The good news is we can improve our sleep by changing our behaviour in the lead up to the moment we shut our eyes.

If like me you think you’re great at falling asleep it could be from pure exhaustion, as soon as your body recovers from that initial hit of fatigue you could find yourself awake plotting, planning and worrying so changing up how we do things at night can set you up for the best chance of a restful and long nights sleep. Here’s a few tricks helping me out right now…

  • Writing out your to-do list for the next day as soon as you finish work allows you to get clear on what needs to happen tomorrow and gives you time to put anything in place you might need to support you, this way you’re less likely to wake yourself up thinking things through!

  • Screen-time, honestly this is my top rule; reduce the stimulation you’re sending to your brain to give it the best chance to slow down by getting away from screens a minimum of an hour before you head to bed. A busy brain is usually what keeps me awake so 1-hour before bed I set my alarms and switch my phone to aeroplane mode or do not disturb. If you have an iPhone they’ve now got a down-time setting in screen-time so you can customise your apps and limit your phone usage, winning!

  • Create a soothing wind down and make it personal. Scent and sound might be a good place to start; candles or a pillow mist, soothing music or a book can help ease your brain into sleep mode by calming your nervous system through your senses.

  • Grab a journal, it’s not for everyone although I’d suggest giving it a try for a week before dismissing it completely! Write down how you’re feeling, what went well that day and what you want to do differently tomorrow. Think about how you want to feel when you wake up and how you want to step into the day feeling your best self.

  • Try a breathing technique, your breath is the fastest way to impact your nervous system and by following a simple breathing pattern which switches you into your parasympathetic nervous system is a pretty easy yet effective way to help yourself drift off. Two of the best proven techniques are the 4-7-8 breath and ladder breath.

  • There are days when we all need a little extra help getting into the most relaxed state of mind which is where a pre-sleep meditation or visualisation can work wonders. You might want some earphones and keep them beside your bed in case you do wake up, that way you can listen again and send yourself back off to sleep more easily.

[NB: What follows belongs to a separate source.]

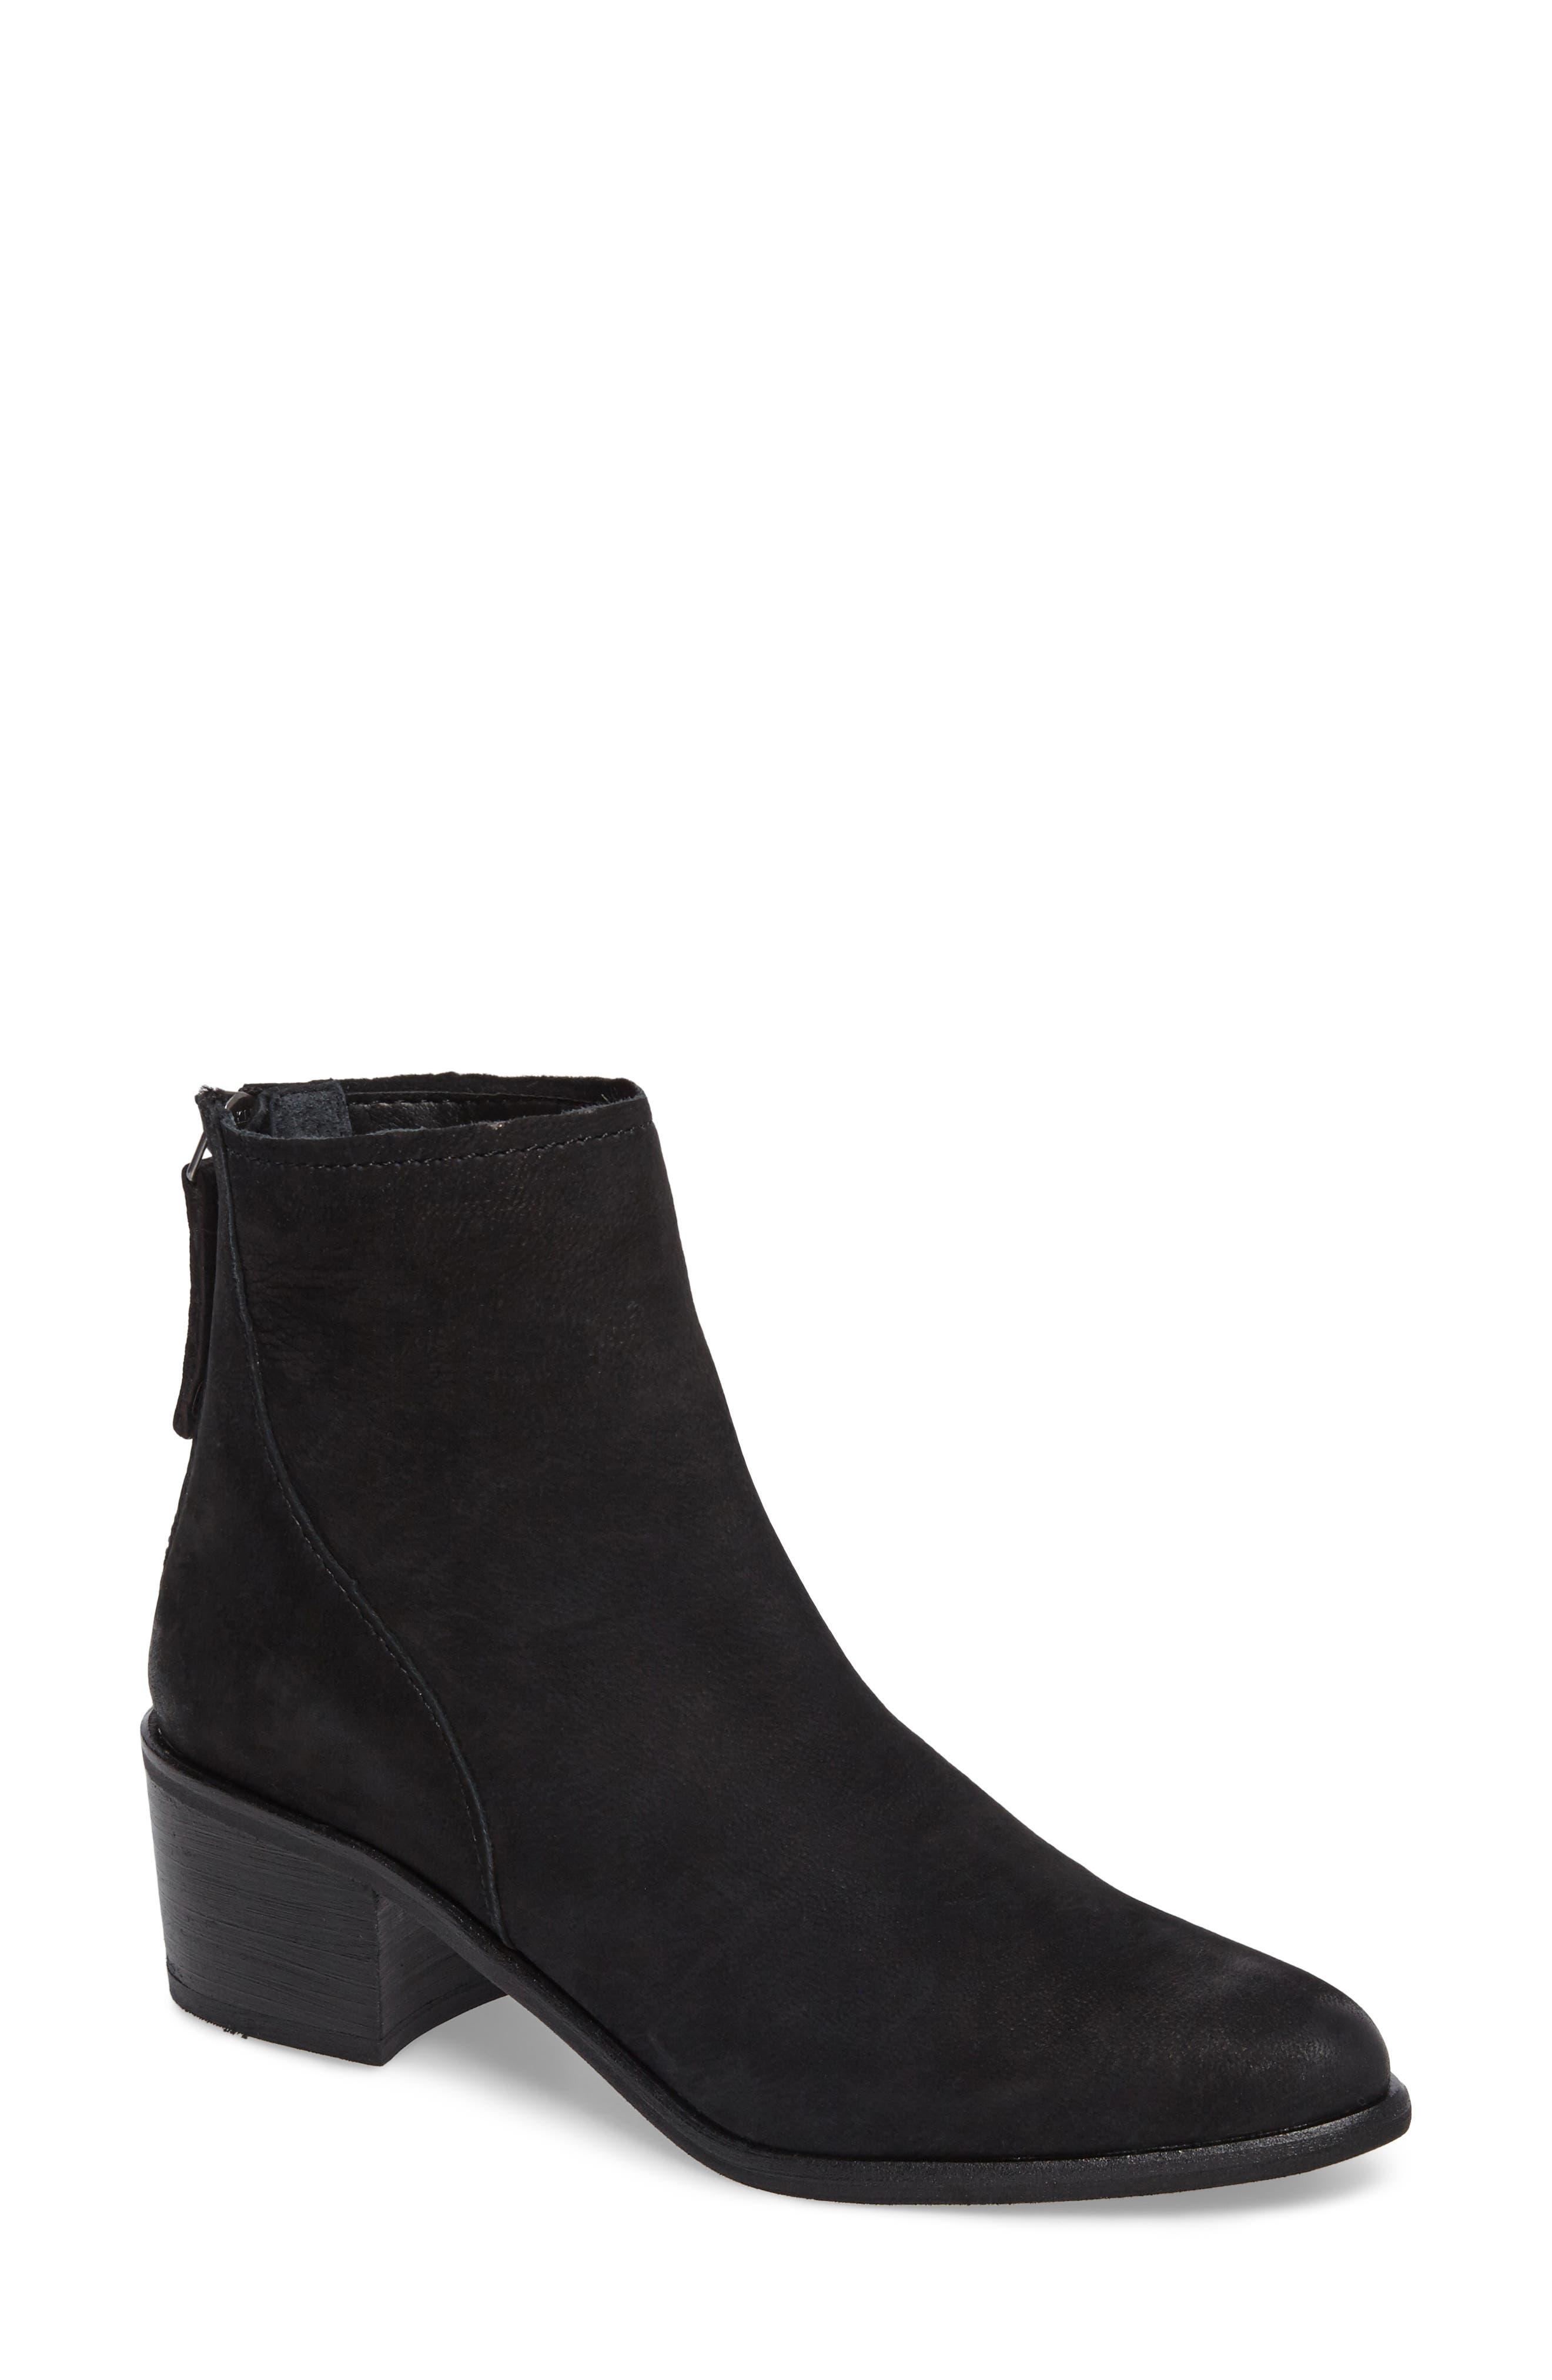 Cassius Block Heel Bootie,                         Main,                         color, Black Nubuck Leather

  • My last suggestion is a pre-bedtime stretch or bed yoga to unwind your body and mind. This can be done in your bedroom and even from your bed and is intended to calm your nervous system and allow you to switch to the calmer, floatier setting of your brain. You can find more helpful tools here.

Remember we’re all unique so different things will resonate with you, the things which work for me may not work as well for you and vice versa. It’s about giving things a try to see which feel good and creating your own bag of tricks to use as and when you need. Your magical combo may change depending on how you feel each day, be kind and patient it takes time so stick with it, just like it might have taken a while for your sleep to become disrupted it will take time to get back into a happy sleepy rhythm.

Wishing you all as much rest and sleep as possible!